在 EMR 集群中执行 HiveQL
Executing HiveQL in EMR cluster
我已经通过 AWS CLI 创建了一个 EMR 集群
aws emr create-cluster --applications Name=Hive Name=HBase Name=Hue Name=Hadoop Name=ZooKeeper
--tags Name="EMR-Atlas" --release-label emr-5.16.0 --ec2-attributes SubnetId=subnet-xxxxx,
KeyName=atlas-emr-dif --use-default-roles --ebs-root-volume-size 100 --instance-groups
InstanceGroupType=MASTER,InstanceCount=1,InstanceType=m4.xlarge InstanceGroupType=CORE,InstanceCount=1,
InstanceType=m4.xlarge --log-uri s3://xxx/logs/new-log --steps Name="Run Remote Script",
Jar=command-runner.jar,Args=
[bash,-c,
"curl https://s3.amazonaws.com/aws-bigdata-blog/artifacts/aws-blog-emr-atlas/apache-atlas-emr.sh
-o /tmp/script.sh; chmod +x /tmp/script.sh; /tmp/script.sh"]
那么我已经为HUE建立了一个SSH连接:
--ssh -L 8888:localhost:8888 -i key.pem hadoop@<EMR Master IP Address>
我通过 HUE 创建了一个 Hive table :
CREATE external TABLE us_disease
(
YearStart int,
StratificationCategory2 string,
GeoLocation string,
ResponseID string,
LocationID int,
TopicID string
)
row format delimited
fields terminated by ','
LOCATION 's3://XXXX/data/USHealthcare/'
TBLPROPERTIES ("skip.header.line.count"="1");
我可以通过 HUE 使用 SELECT 语句获取记录。
但是,如果我尝试通过 HQL 执行 select 语句,它会失败。
我尝试了以下方式:
我的 HQL 很简单 SELECT statment
select * from us_disease limit 10;
并且我在 S3 中存储了与 hive.hql 相同的内容。
我在 emr 集群中执行了 hql thru 步骤:
日志:
INFO redirectError to /mnt/var/log/hadoop/steps/s-xxxxxxxx/stderr
INFO Working dir /mnt/var/lib/hadoop/steps/s-xxxxxxxx
INFO ProcessRunner started child process 30597 :
hadoop 30597 5505 0 11:40 ? 00:00:00 bash /usr/lib/hadoop/bin/hadoop jar /var/lib/aws/emr/step-runner/hadoop-jars/command-runner.jar hive-script --run-hive-script --args -f s3://dif-test/data-governance/hql/hive.hql
2021-03-30T11:40:36.318Z INFO HadoopJarStepRunner.Runner: startRun() called for s-xxxxxxxx Child Pid: 30597
INFO Synchronously wait child process to complete : hadoop jar /var/lib/aws/emr/step-runner/hadoop-...
INFO waitProcessCompletion ended with exit code 127 : hadoop jar /var/lib/aws/emr/step-runner/hadoop-...
INFO total process run time: 2 seconds
2021-03-30T11:40:36.437Z INFO Step created jobs:
2021-03-30T11:40:36.438Z WARN Step failed with exitCode 127 and took 2 seconds
标准错误:
/usr/lib/hadoop/bin/hadoop: line 169: /etc/alternatives/jre/bin/java: No such file or directory
感谢任何帮助。
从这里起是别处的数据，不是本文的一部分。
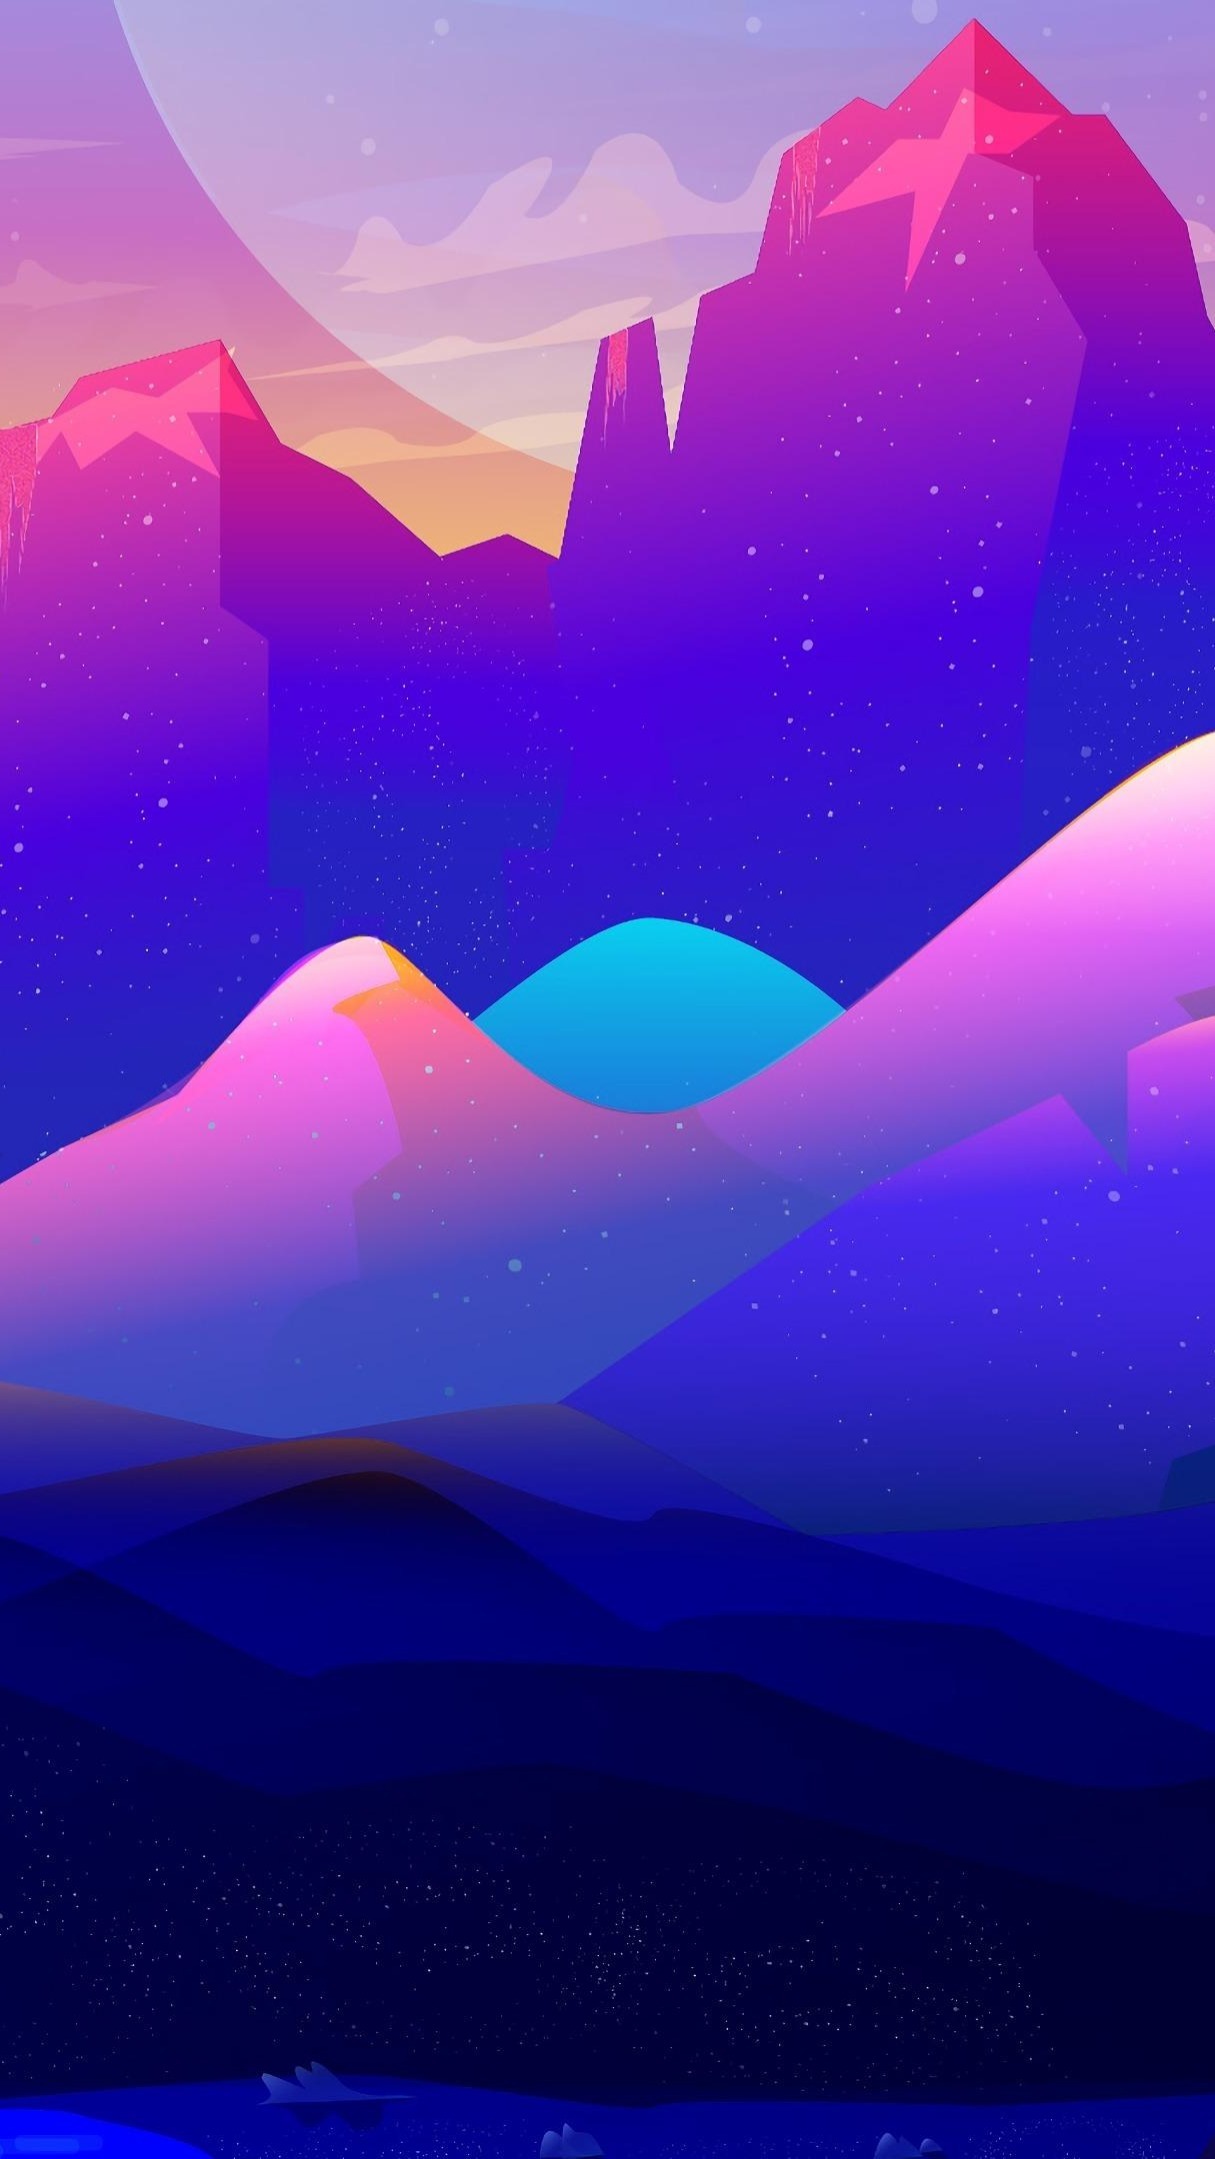 Purple mountains digital illustration - backiee
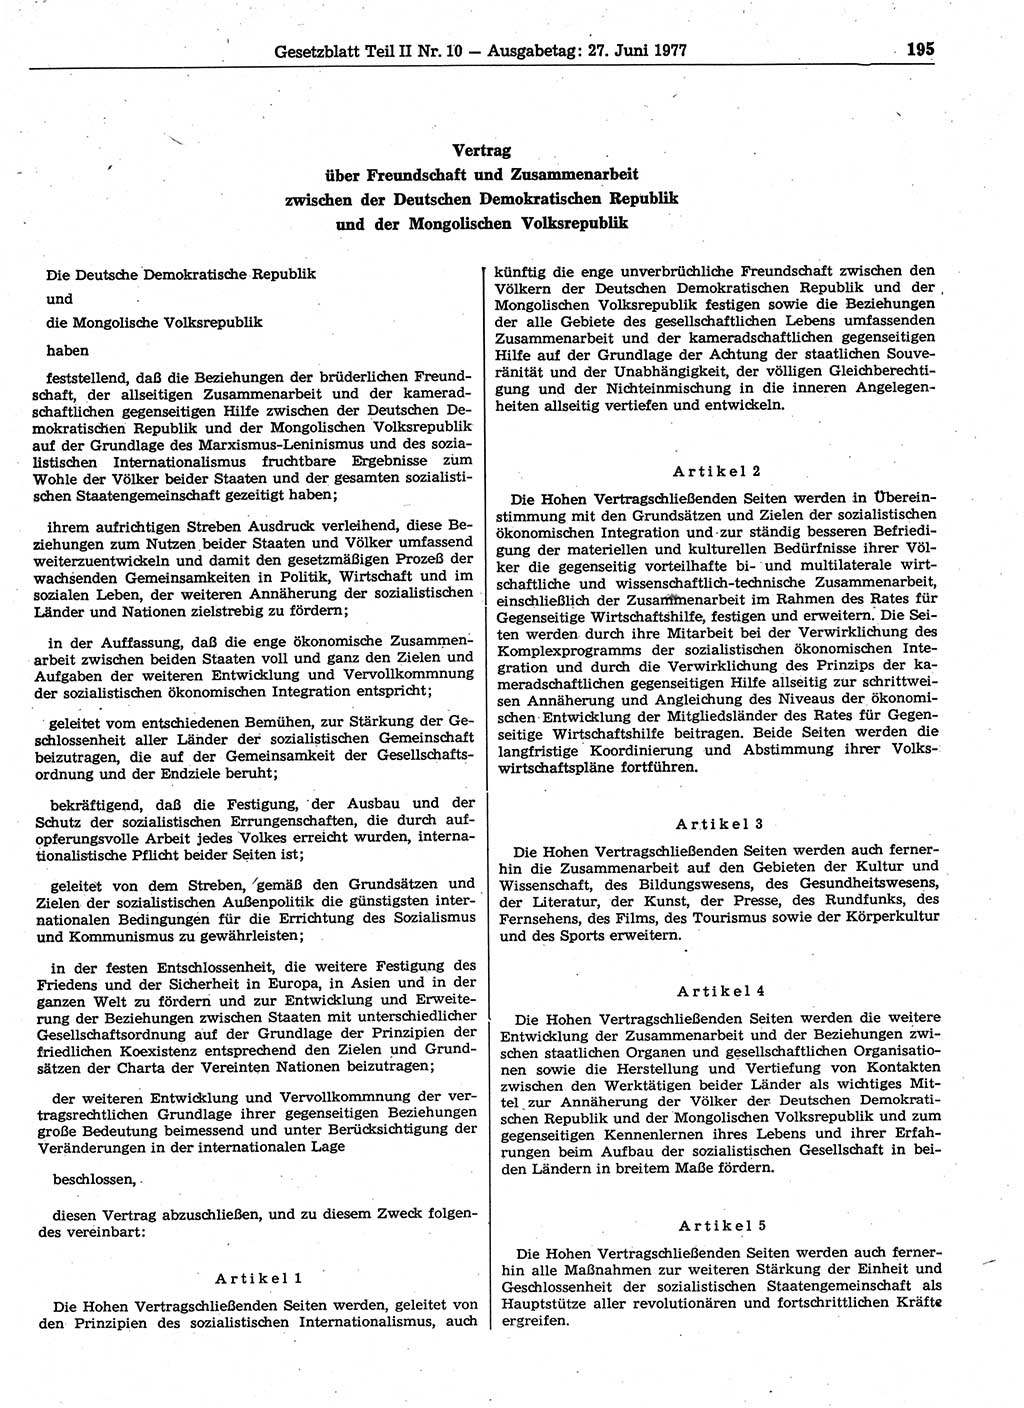 Gesetzblatt (GBl.) der Deutschen Demokratischen Republik (DDR) Teil ⅠⅠ 1977, Seite 195 (GBl. DDR ⅠⅠ 1977, S. 195)

谢谢。
我更新了 emr 版本后问题得到解决。以前我使用的是 emr-5.16.0 。我改成了emr-5.32.0.
修改后的代码:
aws emr create-cluster --applications Name=Hive Name=HBase Name=Hue Name=Hadoop Name=ZooKeeper --tags Name="EMR-Atlas" --release-label emr-5.32.0 --ec2-attributes SubnetId=subnet-xxxx,KeyName=atlas-emr-dif --use-default-roles --ebs-root-volume-size 100 --instance-groups InstanceGroupType=MASTER,InstanceCount=1,InstanceType=m5.xlarge InstanceGroupType=CORE,InstanceCount=2,InstanceType=m5.xlarge --log-uri s3://xxx/xxx/new-log --steps Name="Run Remote Script",Jar=command-runner.jar,Args=[bash,-c,"curl https://s3.amazonaws.com/aws-bigdata-blog/artifacts/aws-blog-emr-atlas/apache-atlas-emr.sh -o /tmp/script.sh; chmod +x /tmp/script.sh; /tmp/script.sh"]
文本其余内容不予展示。